По всей Уоллс-Воллс фабрике, от угольных складов под землей до электро-вентиляторной службы в 6 этаже, только и разговоров и шепотов об инженере О’Дэти.
«Германский шпион…» Проклятый большевик… громко в лабораториях инженеры. — «Коммунист… коммунист… Его хотели убить за попытку какого-то разоблачения. Молодчага. Спасется…» — шепотом в рабочих мастерских…
В девятом часу Кэт О’Дэти, взволновано плачущую, не спавшую всю ночь, — слухи добежали и до нее, — допустили к господину директору. «Ваш муж государственный преступник… Где он?… Я полагаю, вам это лучше известно… Удивлен, что вы еще имели возможность явиться ко мне…»
«Служебная записка. Сегодня 28 марта в 14 часов затопить печь № 2. Требуемая температура нагрева — максимум. Зам. технического директора инженер Чертой».

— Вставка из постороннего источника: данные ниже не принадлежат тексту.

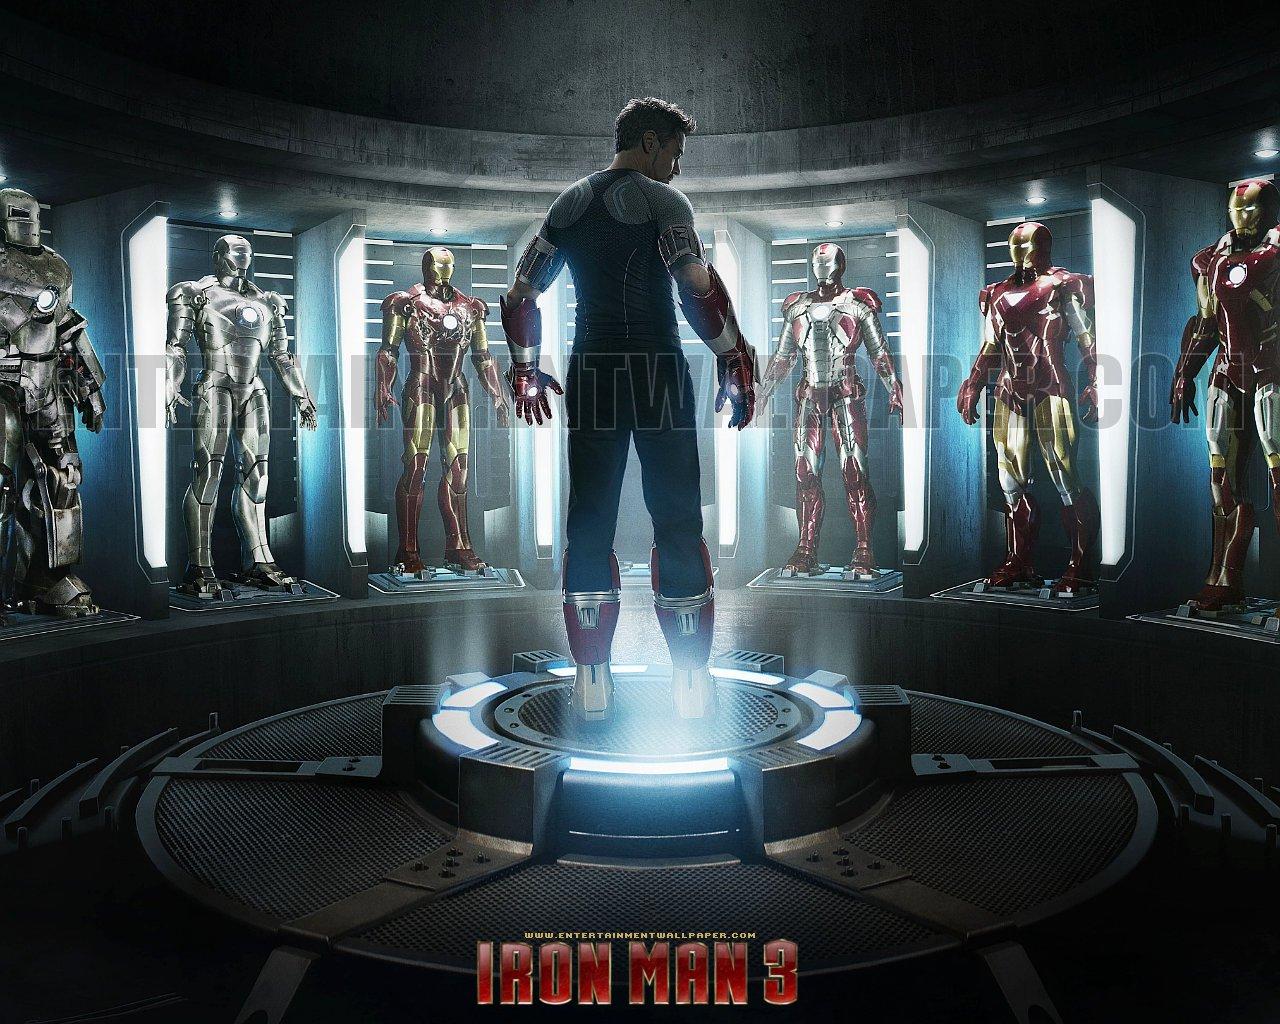 Iron Man 3 2013 Iron Man Wallpaper 33873845 Fanpop

Одиннадцатый час. О'Дэти, поудобнее устроившись на ступеньках винтовой лестницы внутри дымовой трубы № 2, немного вздремнул, подкрепился куском хлеба и колбасы, которые успел захватить у смотрителя, и предался довольно грустным размышлениям. Единственная удача, что еще три дня не будут топить эту печь. Все остальное крайне печально. Случайно ли вошли к смотрителю или нет, днем все равно отсюда выйти нельзя. Очевидно, старик его не выдал… Значит, надо сидеть тут на ступеньках до ночи. Ночью попытаться незаметно вылезть: или с пропуском смотрителя пройти через пост, или, что значительно менее приятно, попробовать проехать в мусорной вагонетке. Что за чертовщина? Дверь внизу открывается. Неужели догадались… Кто-то с ярким электрическим фонарем начинает подыматься вверх… О'Дэти притаился, — может, не заметит?! Свет прямо на него. Кто там? Ирландец соскочил несколько ступенек вниз, к источнику света. Фонарь погас. При слабом, чуть сочащемся свете сверху на узких ступеньках — страшная борьба. Ирландец схватил неизвестного за горло, старается прижать его к перилам. Но неудачно схватил О'Дэти: сильный удар по локтю, и рука инженера повисает как плеть. Теперь его горло в тисках. Хрипит — «сдаюсь». Снова вспыхивает фонарик. «Вы, должно быть, инженер О'Дэти, не бойтесь. (Рука освобождает горло).
Я вас не выдам. Я вам не враг. Я трубочист Томан. Говорят, вас хотели убить за какое-то разоблачение… Я коммунист. Как видите, я могу быть вам только полезным, а минуточка и вы бы меня задушили».
Но не верит горячий ирландец, пока не убеждает его партбилет Томана.
«А ведь сегодня в 2 часа затопят печь».
Совещание. О'Дэти рассказывает коммунисту Томану, в чем дело.
«Этот лимонный газ — мое изобретение. Фаренгайт дал мне честное слово, что они не будут вводить усилителя. Этот газ может быть пяти степеней. Первая уничтожает вредителей, вторая поражает смертельно живые существа без видимых наружных изменений, а степени выше — превращают все живое и растительное в порошок… И видите, они пытаются производить опыты над людьми».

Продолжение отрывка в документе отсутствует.